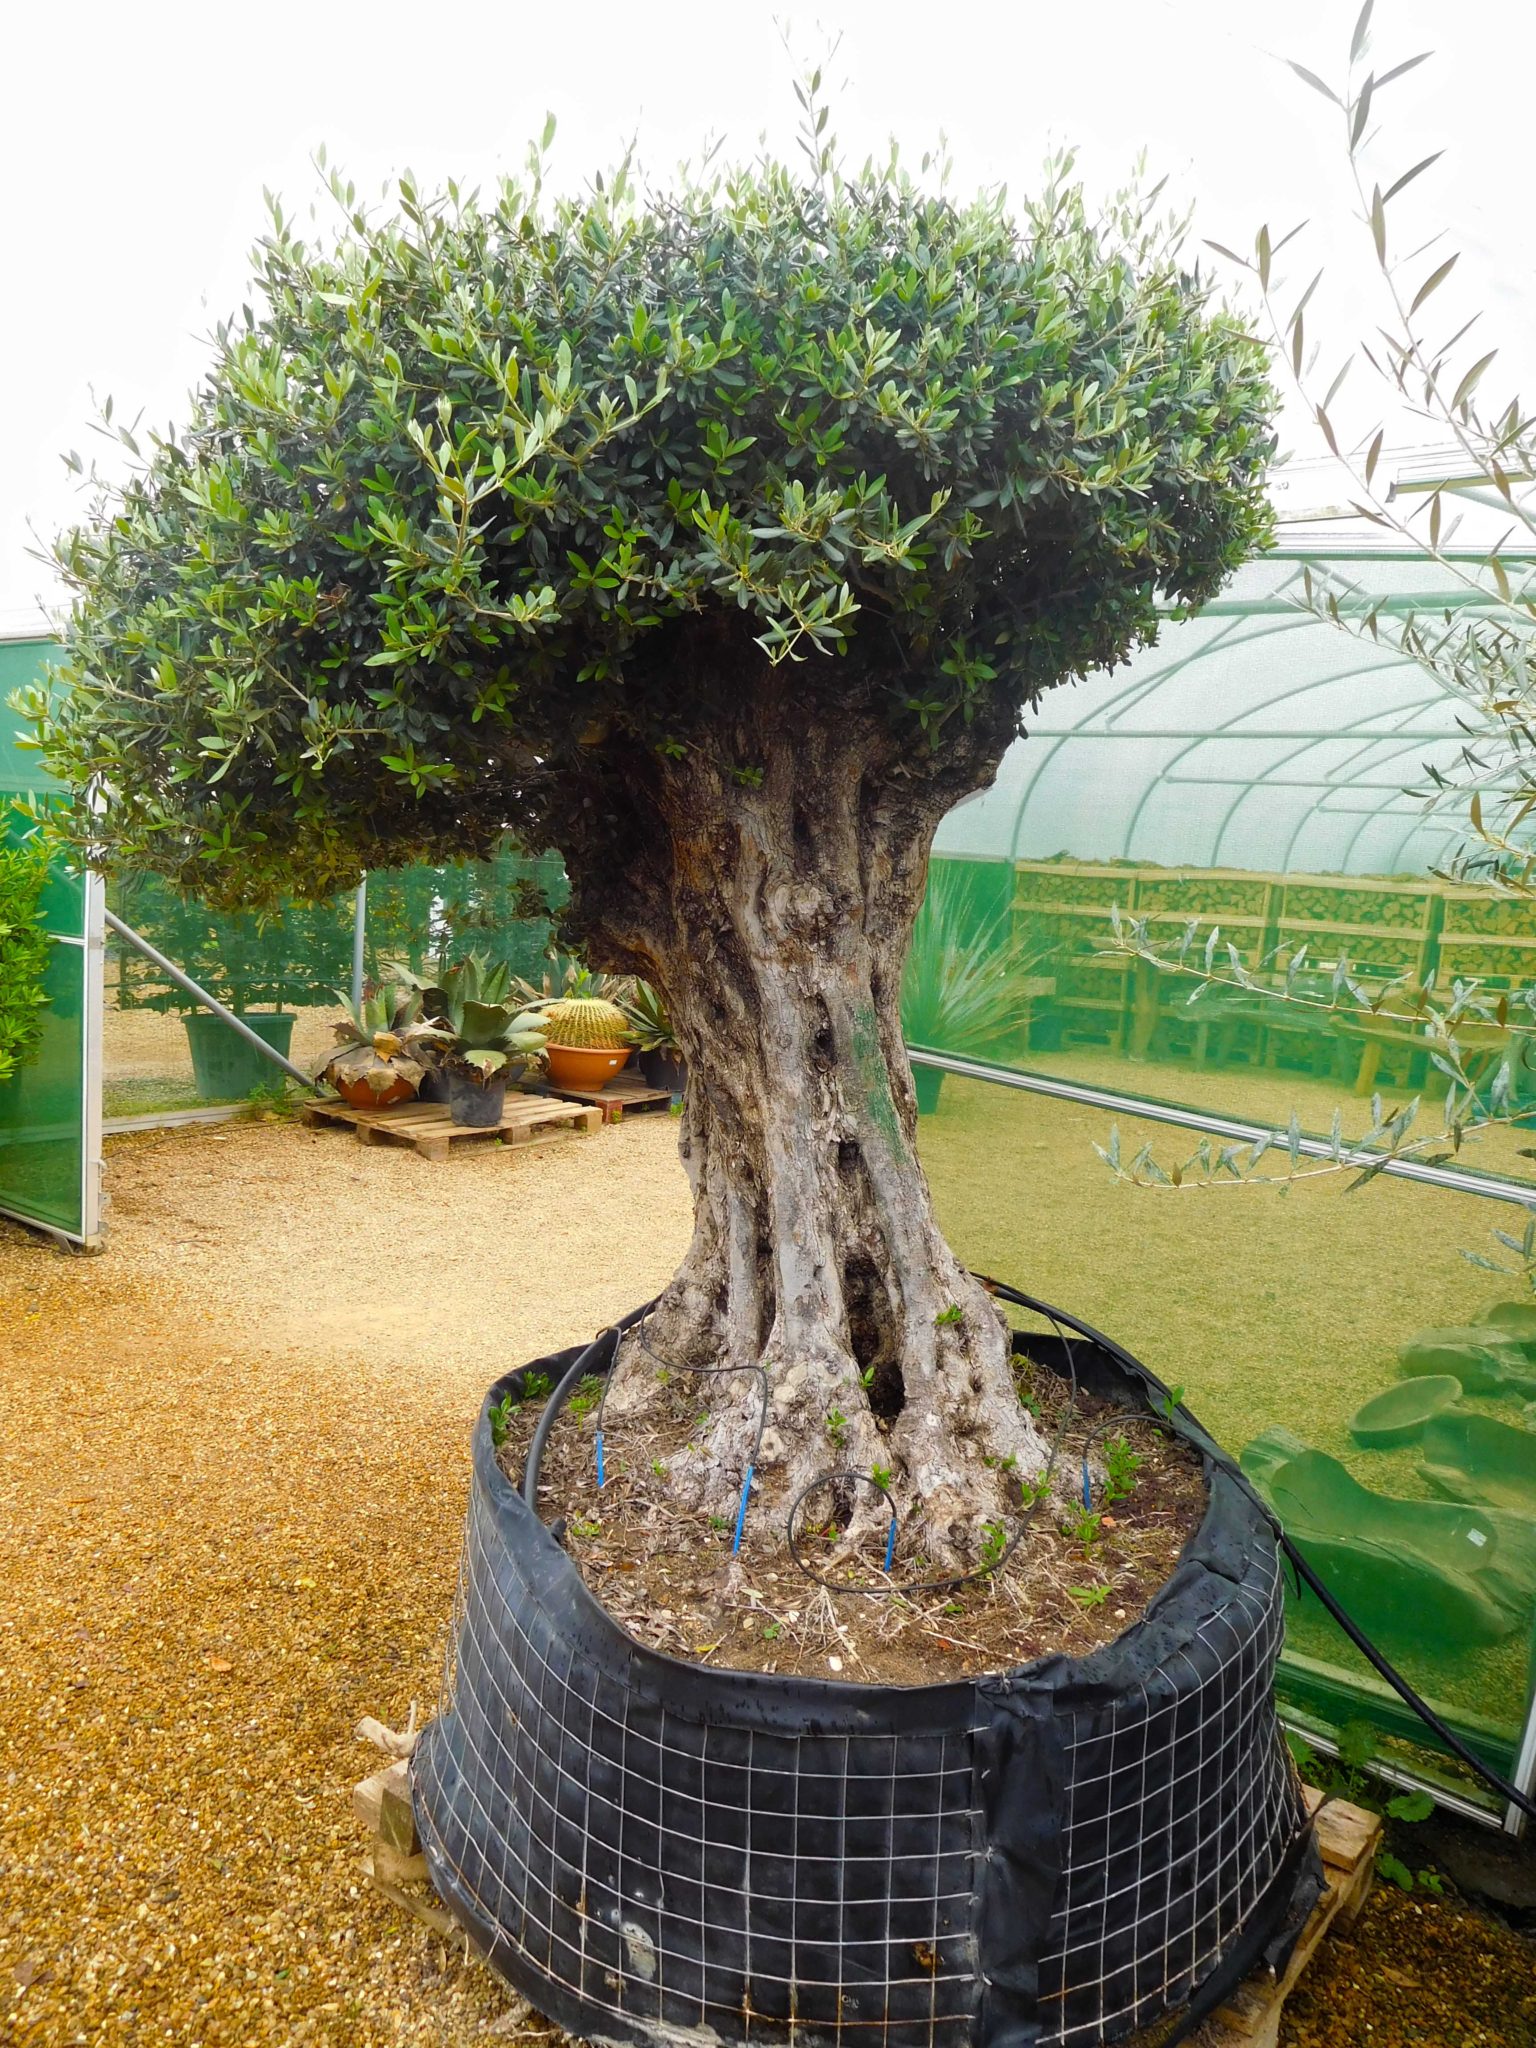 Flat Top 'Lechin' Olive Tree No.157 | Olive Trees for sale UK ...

...

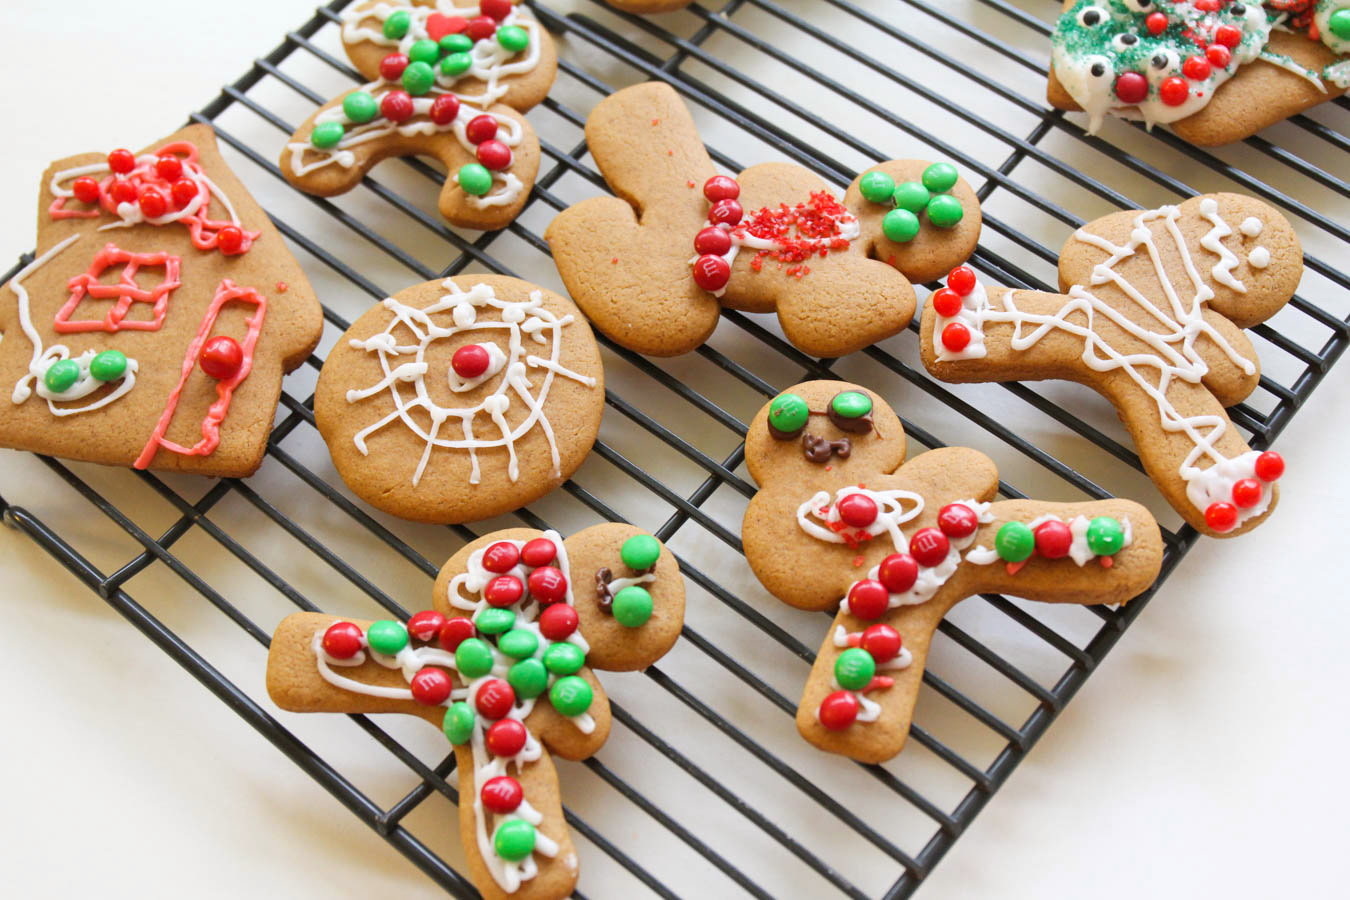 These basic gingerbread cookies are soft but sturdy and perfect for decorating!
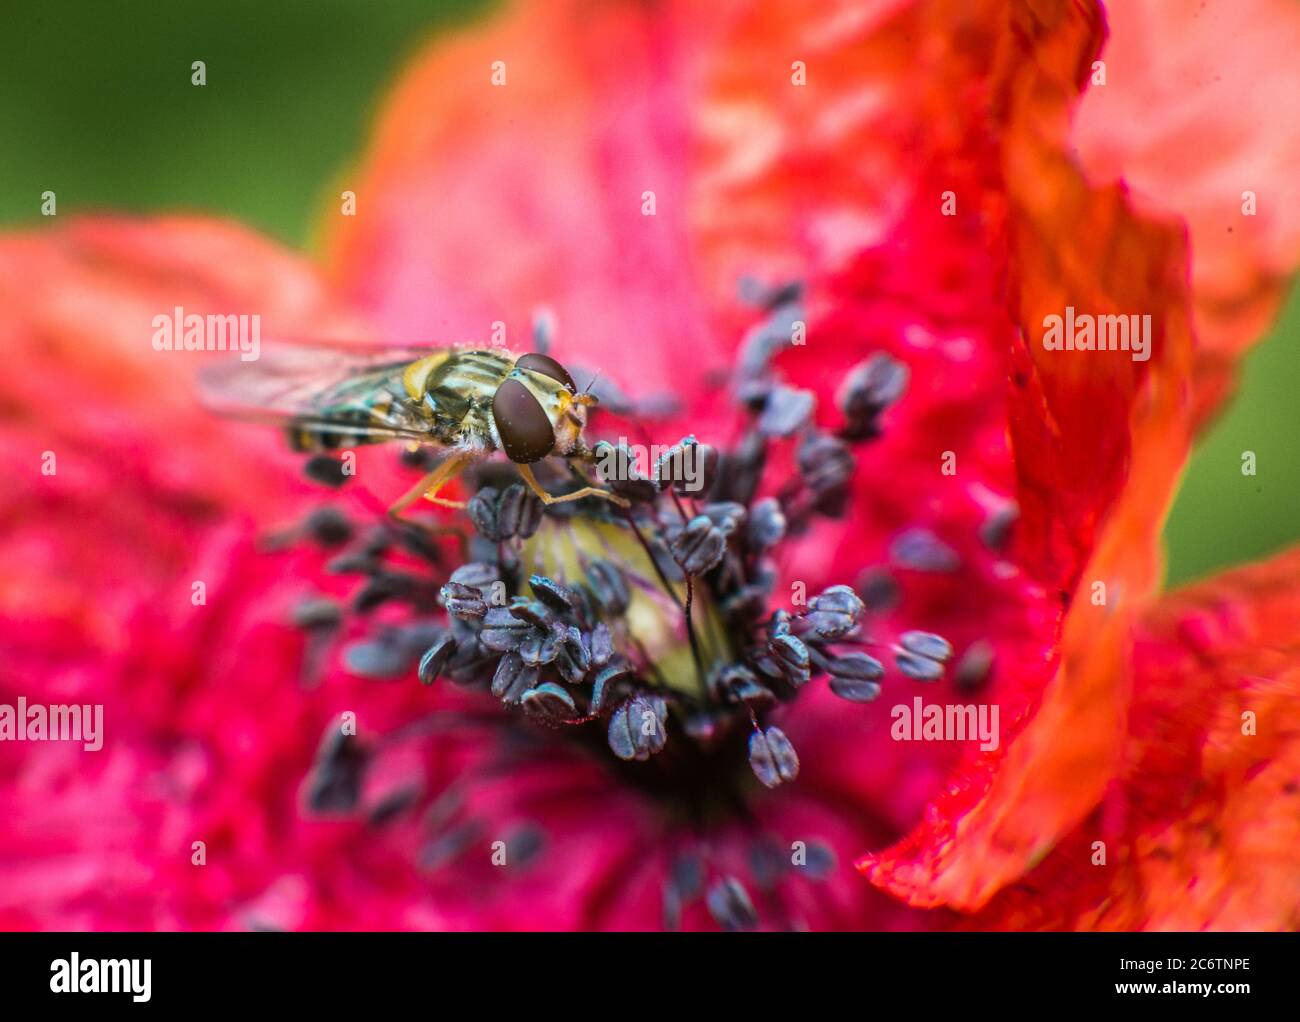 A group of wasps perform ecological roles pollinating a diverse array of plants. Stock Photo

- [Task requirements]: Would you give again, exactly, the lines in the data above that run from the line containing "These basic gingerbread" to the line containing "A group of wasps"? Include both ends and no pictures.

- [Task response]:
 These basic gingerbread cookies are soft but sturdy and perfect for decorating!
 A group of wasps perform ecological roles pollinating a diverse array of plants. Stock Photo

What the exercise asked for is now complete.